Tuttavia, tutto ciò non elimina l’esposizione all’accumulo di pericoli derivanti dalle carogne. Al Museo Nazionale di Storia Naturale degli Stati Uniti, nella città di Washington, lo zoologo Gary Graves studia il sistema digestivo degli avvoltoi per capire cosa li rende invulnerabili a questi alimenti molto più che indigeribili. Graves e i suoi collaboratori hanno scoperto che il gallipave e la poiana, un altro avvoltoio americano, ospitano un microbioma abbastanza limitato nel loro intestino, con solo circa 76 specie di batteri. Ma anche se l’acidità del suo stomaco a prova di bomba funge da filtro, nel suo intestino predominano batteri letali come i clostridi e i fusobatteri, che includono specie che causano malattie come il botulismo, il tetano, la cancrena o la necrosi dei tessuti.

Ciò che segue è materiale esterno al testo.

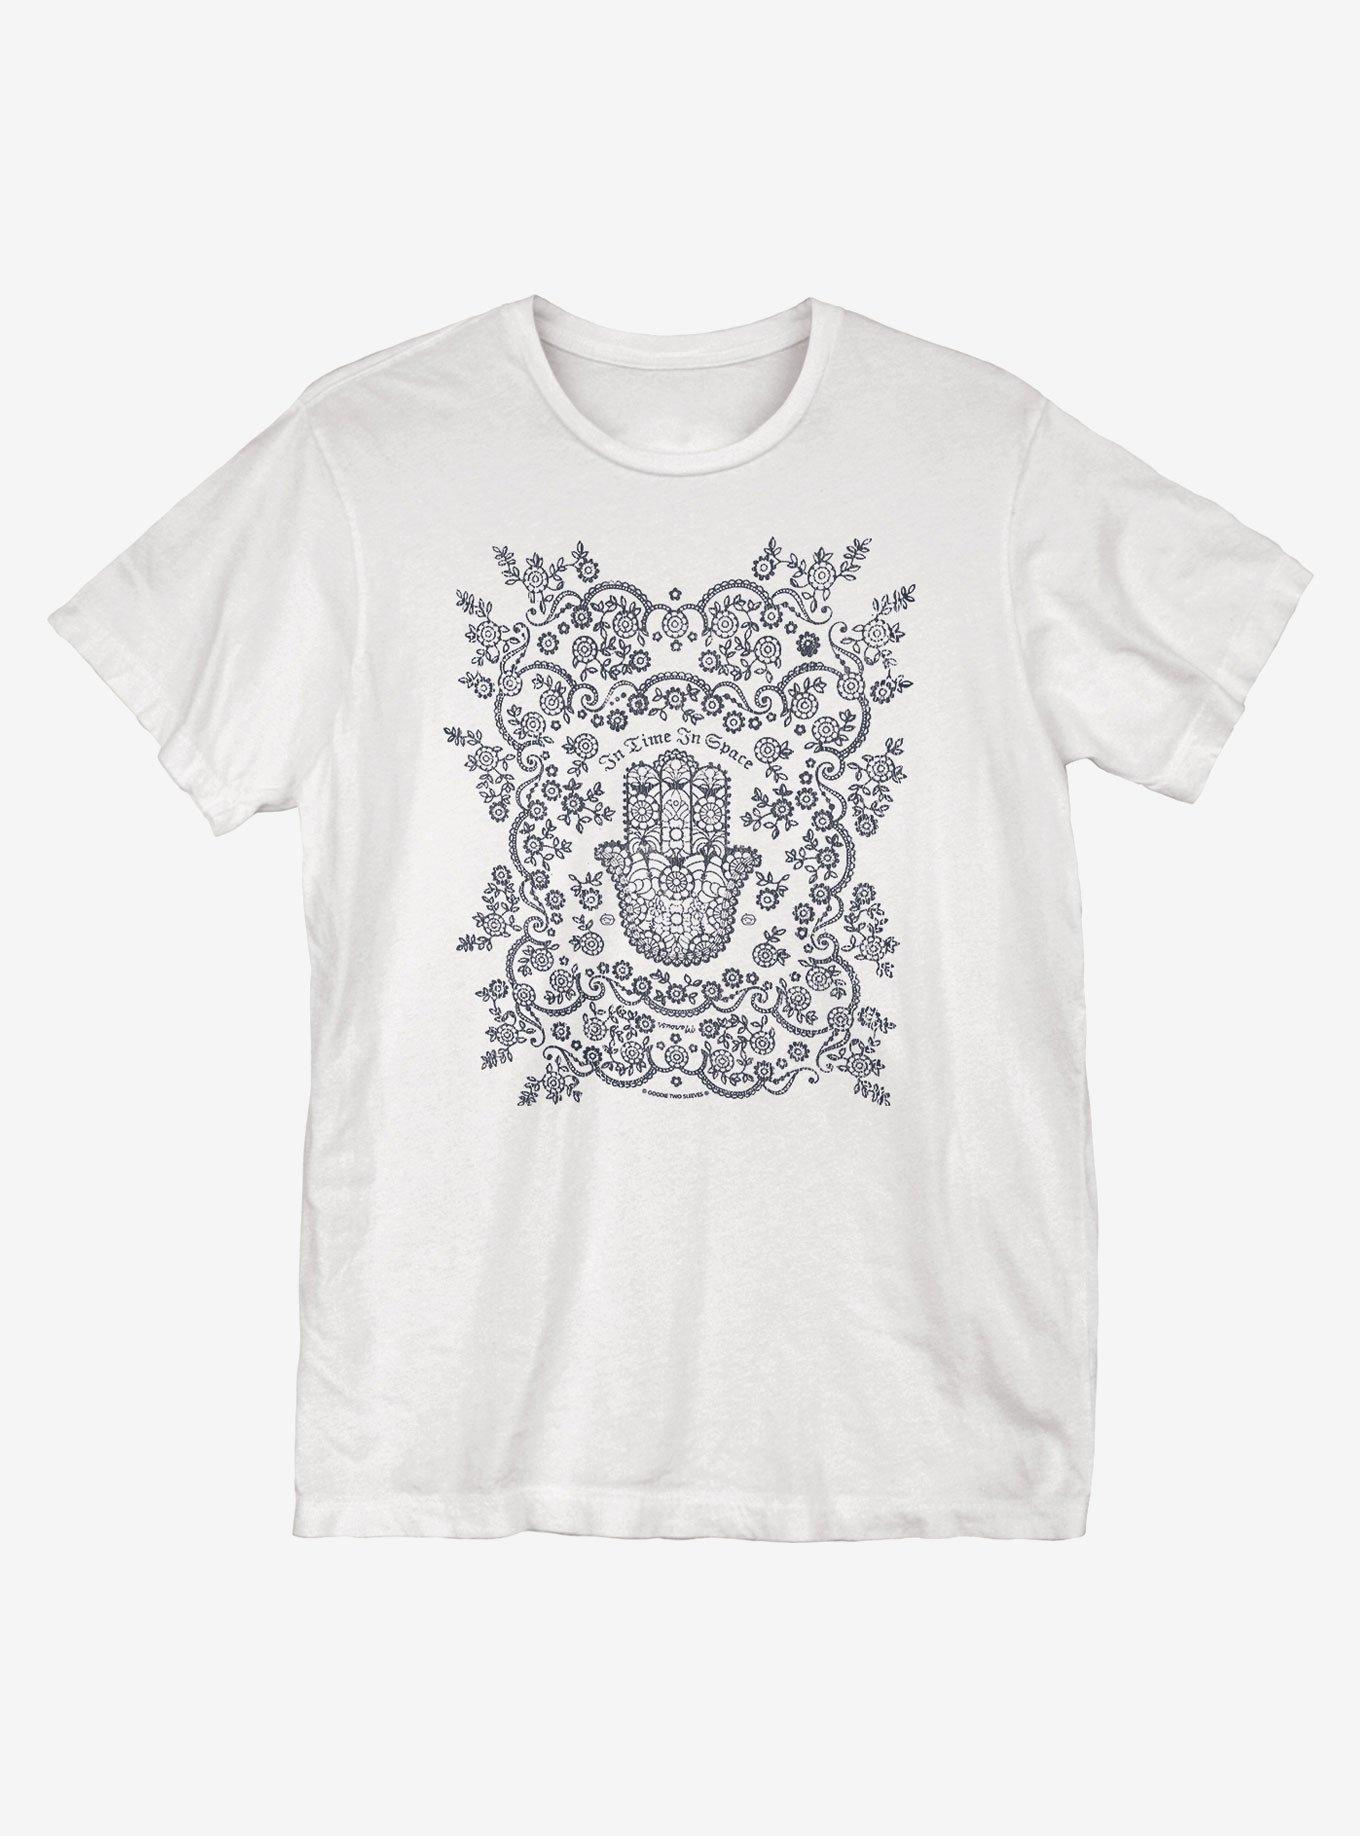 Hand of Fate T-Shirt, WHITE, hi-res

“Sappiamo da tempo che questi avvoltoi mostrano una sostanziale immunità alle tossine batteriche presenti nelle carogne; Tuttavia, non sappiamo ancora quali processi genetici, molecolari o cellulari siano responsabili di questa elevata tolleranza”, afferma Graves. Da parte sua, Blumstein aggiunge che, poiché “non sembra esserci un unico modo in cui gli spazzini possano evitare la malattia, il numero limitato di studi ci dice che abbiamo bisogno di più studi per capire veramente come lo fanno”.
Nuove armi contro i microbi
Al di là della conoscenza scientifica, svelare queste incognite può offrire grandi applicazioni. Come sottolinea Blumstein, “la resistenza agli antibiotici rappresenta un’enorme minaccia per la salute pubblica globale”. Quando gli antibiotici disponibili smettono di funzionare, abbiamo bisogno di nuove armi antimicrobiche e “le difese scavenger possono essere una nuova fonte di agenti antibatterici”, sottolinea Cushnie. Il vantaggio di queste indagini, dice l’esperto, è che sarà più facile scoprire nuovi reperti dove non sono stati cercati prima, e le maggiori promesse si trovano nelle specie che ingeriscono più carogne nella loro dieta e in quelle che consumano le carogne resti più marci.
Il lavoro di Cushnie e dei suoi collaboratori raccoglie interessanti indizi che orientano il lavoro dei biotecnologi: il sarcotossina 1Auna proteina antimicrobica estratta da una mosca, riduce i parassiti delle colture. Il serrawettin, ottenuto da uno scarabeo ghoul, è testato come antibatterico. La chitina, il polimero degli esoscheletri degli insetti, corazza l’intestino di alcuni di essi; e può essere estratto dalla mosca soldato nera per prevenire le infezioni negli impianti medici, dove i batteri solitamente formano pellicole chiamate biofilm, difficili da rimuovere. Alcune lectine, proteine che si legano agli zuccheri, possono guidare i farmaci verso i siti di infezione. I batteri benefici nell’intestino degli spazzini producono batteriocine, composti che sono candidati come conservanti alimentari. Altre molecole di questi batteri possono servire come alternative agli antibiotici nell’allevamento del bestiame.
Secondo Cushnie è ancora troppo presto per sapere quale di queste soluzioni avrà successo: “Quali geni, molecole o cellule ottenute da scavenger saranno sviluppate per prime per applicazioni pratiche? Ciò dipenderà non solo dai progressi nei diversi laboratori, ma anche dalle future prospettive commerciali», spiega questo ricercatore. Con il 90% delle specie spazzini ancora da studiare, c’è motivo di aspettarsi grandi progressi in questo campo. E anche guardare con un po’ meno antipatia quella mosca verde che entra in casa nostra.